In Haynes v. Los Angeles R. R. Corp., 80 Cal. App. 776 [252 P. 1072], the court said, page 781, that the court having made the nunc pro tunc order, every intendment is in favor of its regularity and validity. And in Crim v. Kessing, supra, it was said, at page 486, that, when made, a record so corrected, and the order making the correction, are conclusive upon any other court in which the record is offered in evidence. (Also see 14 Cal.Jur. 994 and cases cited in 10 A.L.R. 624-625.)
 In the case before us the record shows that on November 1, 1937, the trial court made a minute order that recited that "The Court having heard the account and having duly considered the same, it is ordered that the said account be, and the same is hereby settled, allowed and appoved, as rendered, and further ordered that the petition for distribution be, and the same is hereby granted as prayed for." (Italics added.) This order is evidence of the intent of the court as to the decree it intended to make (Bastajian v. Brown, 19 Cal. 2d 209, 215 [120 P.2d 9]); and the petition for distribution recited that on the death of Robert Murray Remick all the said property "or the value thereof" was to be divided equally among the brothers of decedent, Stella Remick, and prayed for distribution "in accordance with the terms of said last will and testament, to the parties entitled thereto, as therein and hereinabove set forth."

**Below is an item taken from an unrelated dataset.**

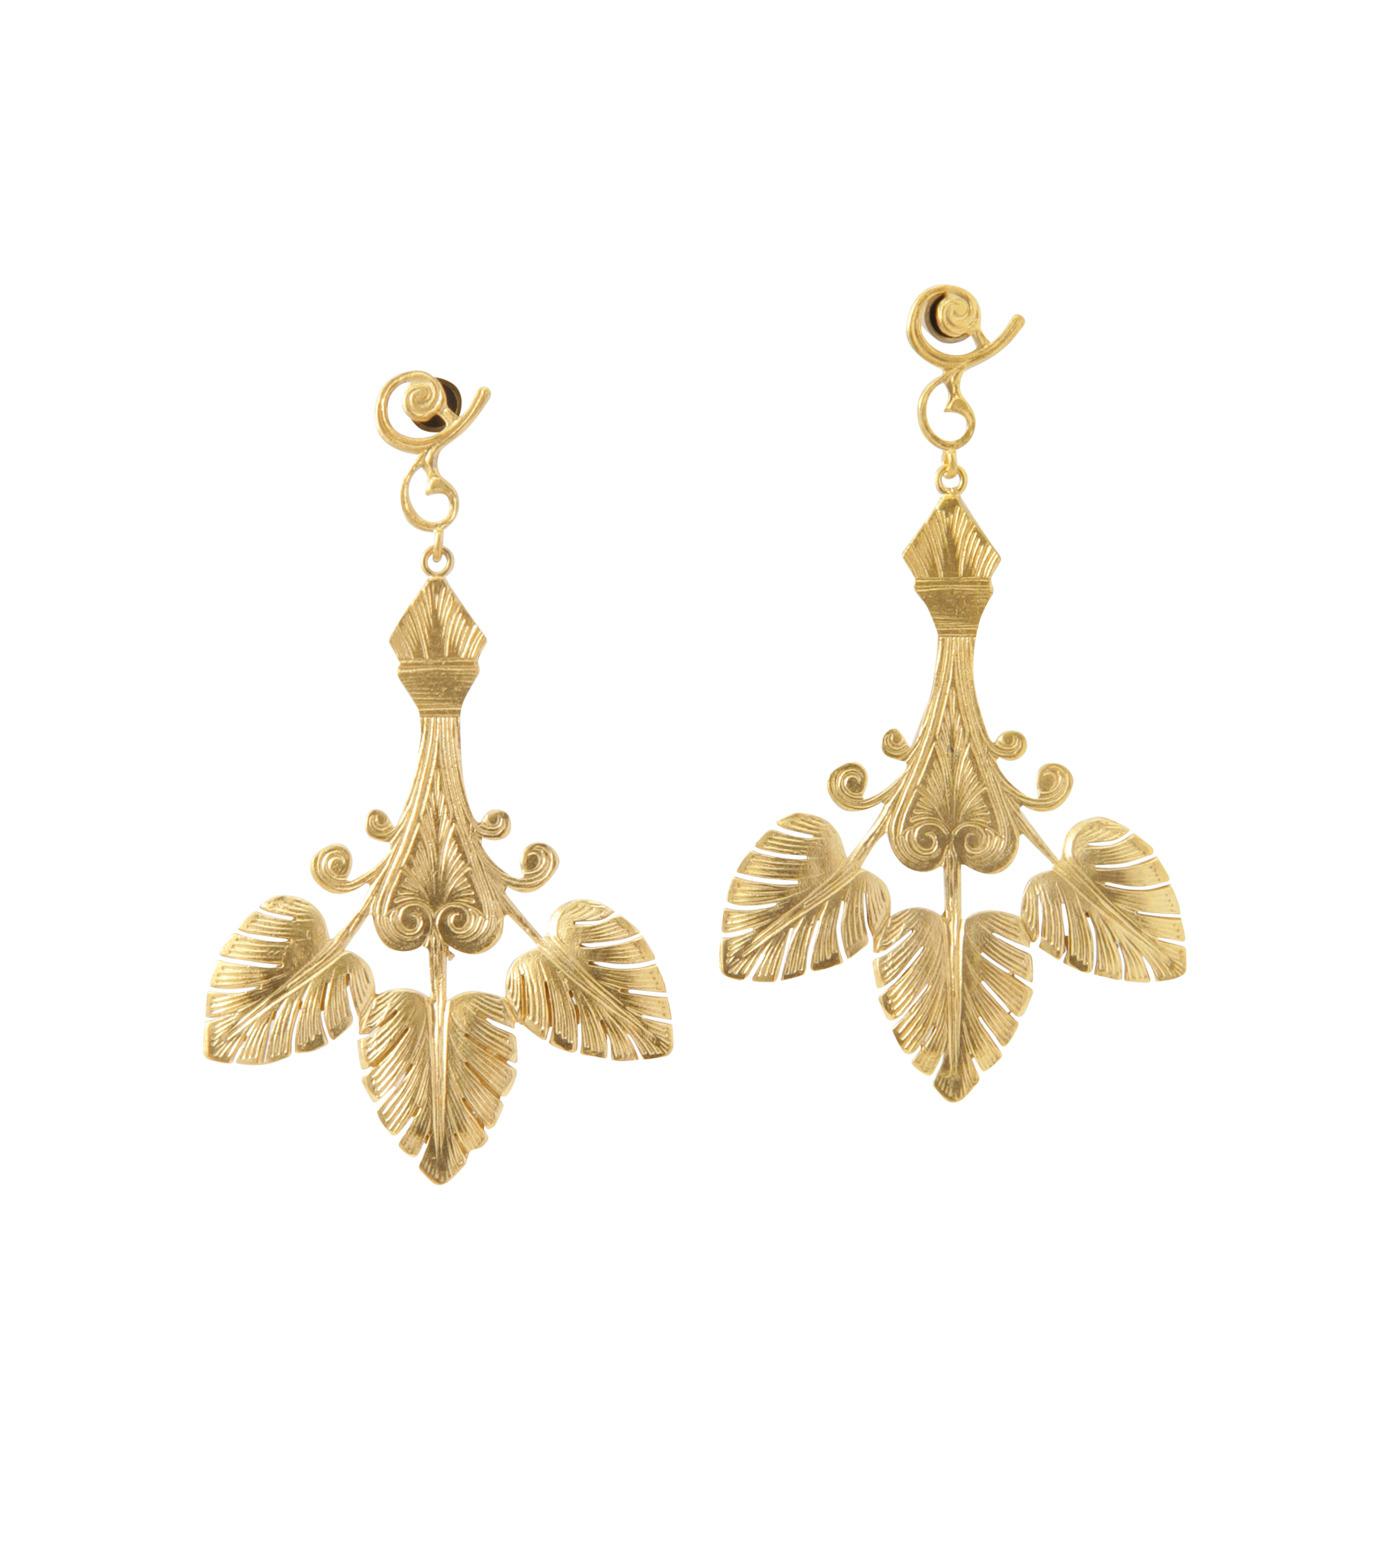 I AM by Ileana Makri(アイ アム バイ イリーナ マクリ)のTriple Golden Leaf Earrings-GOLD-O523-42-099-2 拡大詳細画像1

In the decree itself the court found that Robert Murray Remick was entitled to said property, with the provision that on his death all of such property, or the value thereof, was to be divided equally among the brothers of said decedent who might be living at the time of the death of said Robert Murray Remick. It therefore appears without question that the language used in the distributive portion of the decree did not conform to the will, to the prayer of the petition, to the minute order, or to the findings, all of which indicates that the use of the words "or the proceeds thereof" instead of "or the value thereof" was inadvertent and constituted a clerical error, as the court in its order amending states that it did. The trial court's determination to that effect finds support in the record and under such circumstances its conclusion is binding upon this court (Bastajian v. Brown, supra.)
The order appealed from is therefore affirmed. [75 Cal. App. 2d 30]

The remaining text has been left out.